I am creating RAG using langchain. Everything is working fine when it comes to PDF.
But, I have a task to ingest excel .xlsx spreadsheets, find the table inside of them and then parse that table for the RAG.
I am unable to automatically identify the empty rows, columns, merged rows/columns for text etc, and remove them. Are there open source libraries that can help with it? Or is there something in langchain itself that can be of help?
You can use UnstructuredExcelLoader to read excel, it will automatically remove empty rows, columns, merged rows/columns.

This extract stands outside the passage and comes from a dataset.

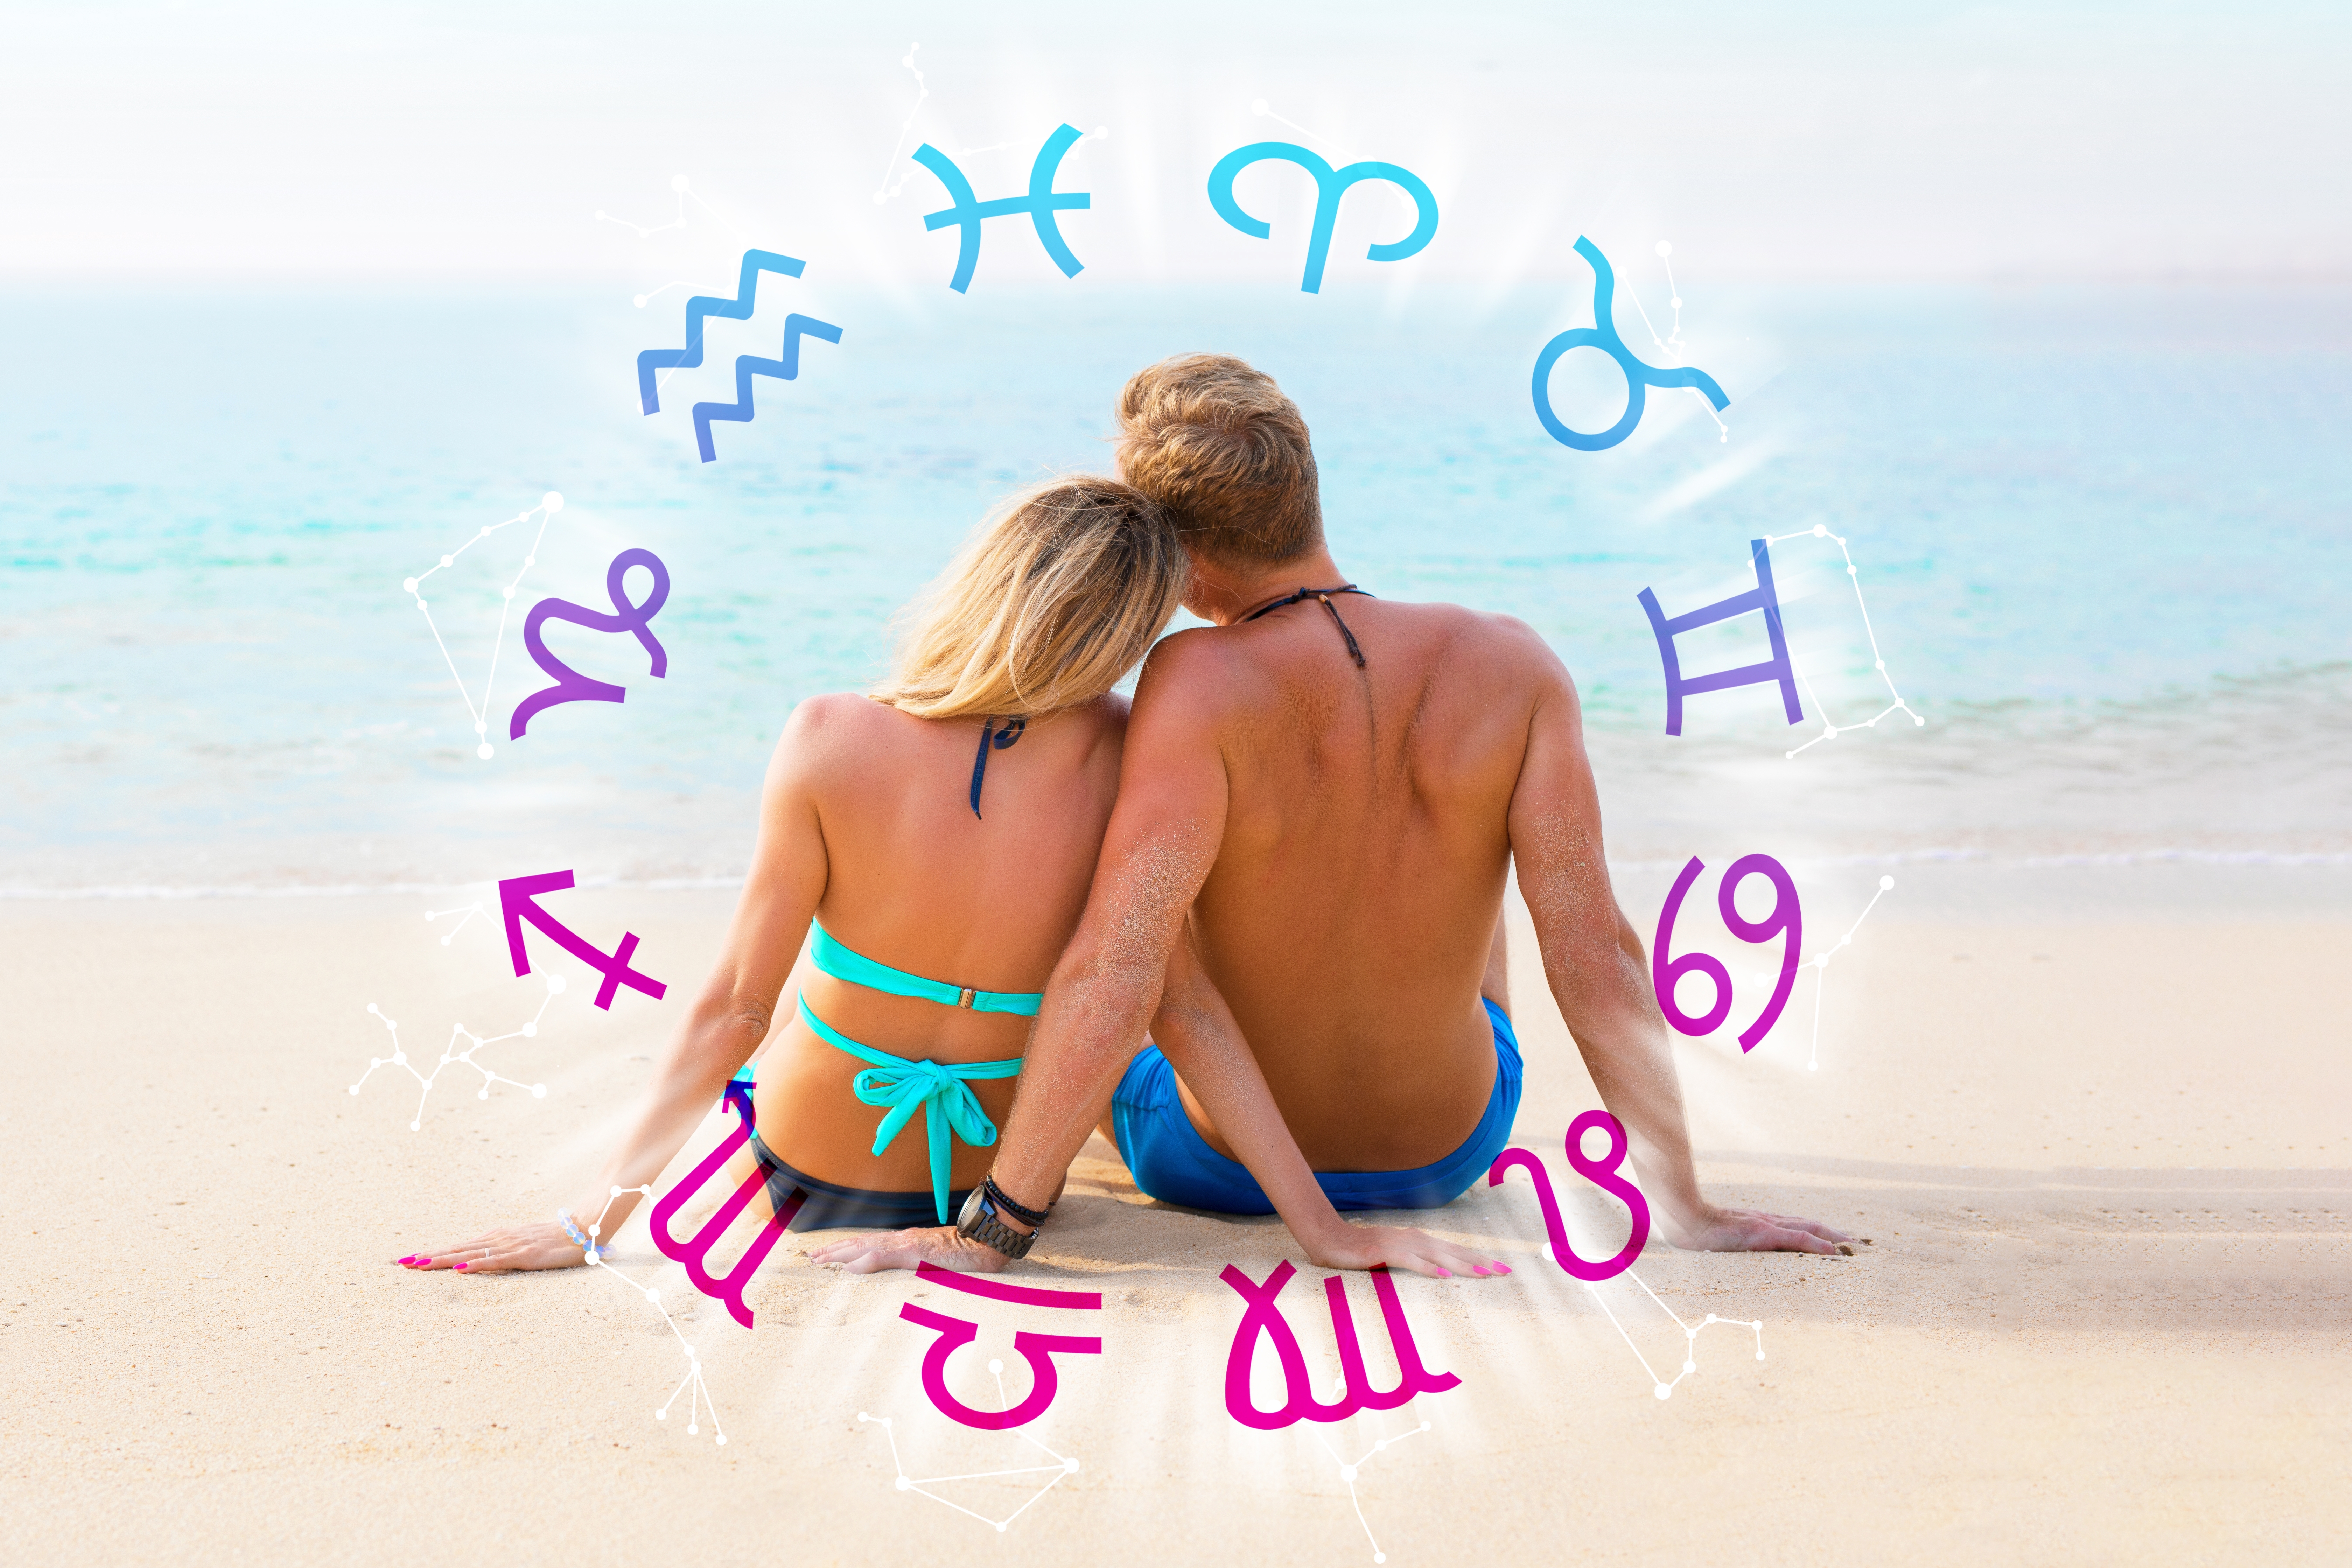 A couple relaxing at the beach surrounded by the zodiac signs | Source: Shutterstock

here is the example excel:
install UnstructuredExcelLoader:
pip install --upgrade --quiet langchain-community unstructured openpyxl
here is the code:
from langchain_community.document_loaders import UnstructuredExcelLoader
loader = UnstructuredExcelLoader("info.xlsx", mode="elements")
docs = loader.load()
print(docs)
output:
[
Document(
metadata={
'source': 'info.xlsx',
'filename': 'info.xlsx',
'last_modified': '2025-02-26T12:27:20',
'page_name': 'sheet1',
'page_number': 1,
'text_as_html': '...',
'languages': ['eng', 'slk'],
'filetype': 'application/vnd.openxmlformats-officedocument.spreadsheetml.sheet',
'category': 'Table',
'element_id': 'f49eba60e57d559f9af34a28d1a01e51'},
page_content='id name email phone a1 nick 12345678 a2 jack 2@mail.com 12345678 a3 john 3@mail.com 12345678 a4 4@mail.com 12345678 a5 may 5@mail.com 12345678'
)
]
ref : https://python.langchain.com/docs/integrations/document_loaders/microsoft_excel/